How to Use Forensic Data to Improve Cybersecurity

What’s the first thing you think of when you hear the word “forensics?” Odds are, if you’re like most Americans, the first thing you thought about was a crime & mystery show like NCIS, CSI, or Law & Order. However, forensics plays a role in cybersecurity, too. Many network security experts use forensic data to improve cybersecurity.

What is forensic data? And, how can you use it to improve cybersecurity for your organization?

Defining Forensic Data for Cybersecurity

In defining what forensic data is and how it’s used, let’s compare it to how forensic analysis is used in crime dramas such as Law & Order. In forensics, detectives, medical examiners, and crime scene analysts attempt to identify and analyze evidence at a crime scene or on a body to establish the series of events. Each piece of evidence provides a data point that helps to clarify the sequence of events and, hopefully, reveal the culprit so they can be stopped from committing future crimes and be brought to justice.

Forensic data, for cybersecurity experts, is like the evidence that law enforcement analyzes when investigating a crime. Network security pros will analyze the forensic data they find to discover how a cyberattack was carried out, uncovering the sequence of events leading to a cybersecurity breach—such as:

  • The attack method used to breach the defenses,
  • What the attacker did once they acquired access to the network, and
  • Where the attack originated from.

This forensic data analysis can prove to be crucial for improving an organization’s network security against specific cyber threats.

How Does Forensic Data Analysis Help Improve Cybersecurity?

By studying past attacks, particularly ones that succeeded in breaching your security, it is possible to adapt your cybersecurity strategies to close the security gaps those attacks relied on.

For example, say that an attacker leveraged a vulnerability in a customer-facing application which allowed them to bypass your perimeter network security. Without forensic data analysis, you might not know that it was the customer-facing application which had the vulnerability. However, with forensic data analysis, you can establish the method of the attack and isolate that application as the cause of the breach. From there, you can disable the application until the vulnerability is fixed, contact the app developer to alert them to the vulnerability so they can patch it, or replace the app with a different one—eliminating the vulnerability and prevent future attacks that rely on the same methods.

Forensic data can also be used to identify the IP address (or addresses) behind a cyberattack. In this case, you can blacklist the offending IP address to keep that attacker from trying again—or share that information with authorities so they can find the person (or persons) behind the attack.

How Can You Capture Forensic Data to Improve Cybersecurity?

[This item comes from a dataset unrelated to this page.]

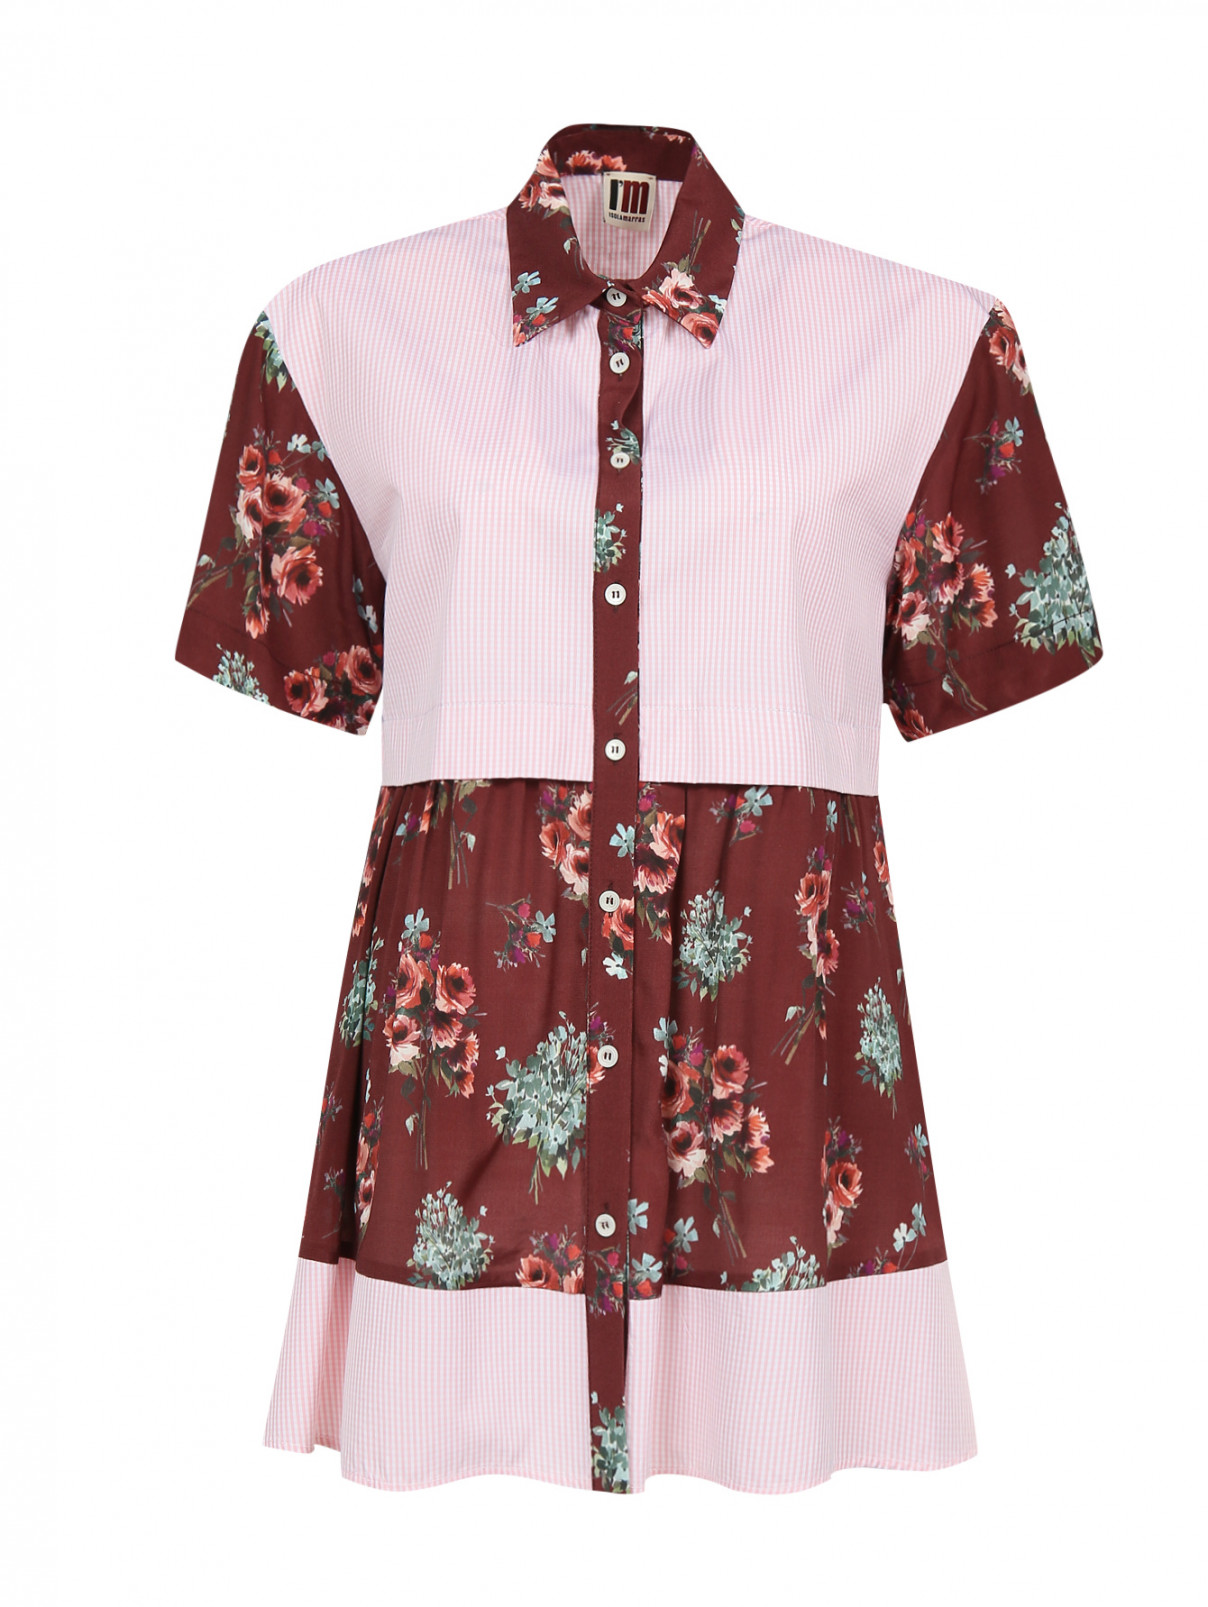 Блуза из хлопка и вискозы с контрастными вставками I'M Isola Marras  –  Общий вид  – Цвет:  Узор

Naturally, to study forensic data and make cybersecurity improvements based on it, you need to capture that data in the first place. The easiest way to capture forensic data for study is to use a security information and event management (SIEM) solution. These tools collect information about various events on the network for later analysis—or, they can be integrated with other network security solutions to generate automated alerts and trigger countermeasures if they detect an attack in progress.

However, the challenge with using SIEM tools to capture forensic data for later analysis is the sheer amount of data that these tools may record. Without expert SIEM management, the tool can produce oceans of “noise,” or junk data that has no impact on your organization’s network security. Here, having expert cybersecurity team help you manage your SIEM tools and data can be invaluable for getting the best results.

Think of it this way: The SIEM tool is like a studious lab tech—taking apart the entire crime scene to assemble the most objective catalog of the circumstances surrounding the crime. However, because they’re so dedicated to documenting everything, it would be difficult to sort out what’s important from what’s unnecessary. The cybersecurity team, in this instance, would be the seasoned detectives using their years of experience to identify the most important evidence for identifying the culprit and the modus operandi behind the crime.

As the show Law & Order always said: “In the criminal justice system, the people are represented by two separate but equally important groups: The police, who investigate crime, and the district attorneys, who prosecute the offenders.” Well, to improve cybersecurity, you have two separate, but equally important, tasks: 1) to investigate the methods of past attacks, and 2) to use that data to make changes that keep future attacks from succeeding.